MultiPartInputStreamParser is slow for largish files

LukeButters commented 8 years ago

Hi I have an API which accepts a JSON part and a file part. I noticed that with multipart request for a document about 50KB the total time to push in some number of documents was taking an extra 26% longer compared to not using multipart. Looking at the hotspots I noticed a lot of time was spent in MultiPartInputStreamParser.

It would be nice if this was faster, well I would certainly benefit from that class being faster.

LukeButters commented 8 years ago

I have made a pull request which changes MultiPartInputStream to be faster. The jetty util tests pass however when it gets to HTTP Client Transports where the VM seems to exit, I don't call System.exit so I am not sure why this is happening on my machine. Hopefully we can work together to get this in.

joakime commented 7 years ago

@janbartel another MultiPartInputStream issue to review.

LukeButters commented 7 years ago

"another MultiPartInputStream issue to review." @joakime @janbartel is the multipart parser being rewritten?

gregw commented 7 years ago

@LukeButtersFunnelback it is our intention to rewrite the parser, but we are definitely behind in our schedule for that.

@janbartel can we look at the PR again, perhaps it is prudent to merge that pending the rewrite?

LukeButters commented 7 years ago

At this point I wont push to have this accepted, or fix that issue where a file is used for requests that are 1 byte to small or big (i forget the details)

For whoever ends up writing the new parser it might be worth looking at what I did here to try and come up with a fast parser. Alternatively develop the parser and remind me to have a look at the parser so I can suggest speed ups.

janbartel commented 6 years ago

@olamy I'm assigning you to this issue. Can you coordinate with @gregw regarding a rewrite of the multipart stuff - we want to do it async.

LukeButters commented 6 years ago

Has any progress been made on the new multipart parser? Is it possible to have jetty use a different class to process multi part requests?
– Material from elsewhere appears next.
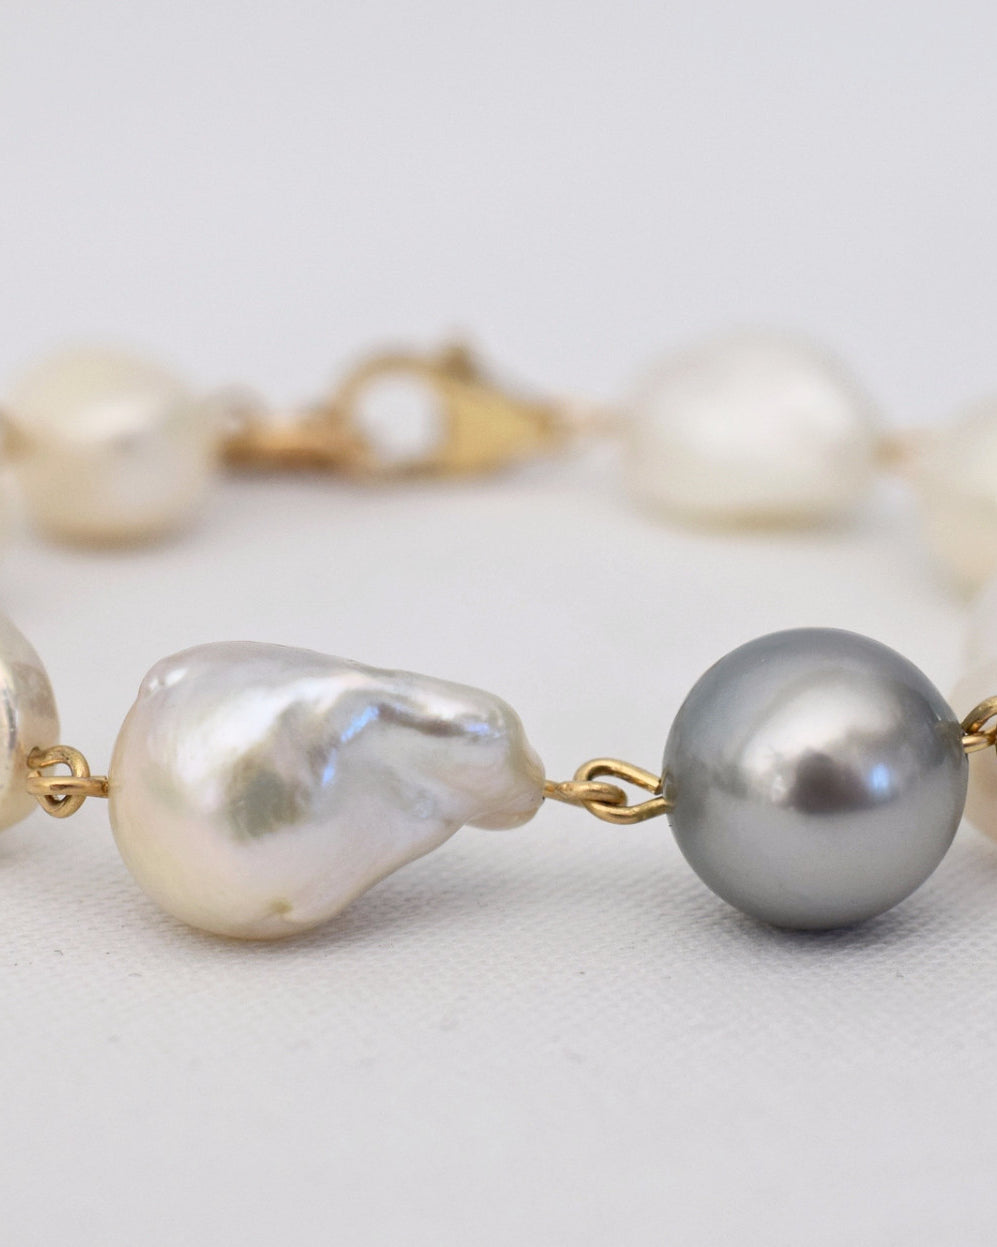 Pearl Medley Bracelet - MILK VELVET PEARLS

gregw commented 6 years ago

@LukeButtersFunnelback apologies, but this work has not yet been resourced. It is definitely something we intend to do, but we have just not yet found the priority to do so. To come up with a performance async multipart parser will need 3 or 4 days effort of clear thinking time, specially as we want it to be usable by reactive streams.

Unfortunately the class is not pluggable.

So we will try to look at this during March. If we do not make progress, then we will reconsider #1028 as an interim measure.

gregw commented 6 years ago

I've started work on this as my background task.

Currently my plan is to cut/paste/modify our HttpParser for the parsing of the headers of each part, then add a Boyer Moore search mechanism to efficiently find the boundaries in the text. The complications are that this parser needs to deal with partial content and that we prefer parsers to be fully consuming so that we don't have to start buffer fills from non zero positions.

gregw commented 6 years ago

@lachlan-roberts have a read of the background on this one as I will get you to review my work on it.

LukeButters commented 6 years ago

If you are copying the HttpParser it might be worth mentioning that Jetty is relatively slow parsing headers (compared to something like jackson parsing json when given a byte array), I didn't look into why it is slower than expected. If I had to guess it is likely the issue is reading one byte from the stream at a time which is slower than reading a chunk. This will make your code complicated :(

gregw commented 6 years ago

Actually straight BM search might not be the best algorithm. We need to digest the info in https://arxiv.org/pdf/1012.2547v1.pdf and pick a good algorithm that is not too difficult to implement.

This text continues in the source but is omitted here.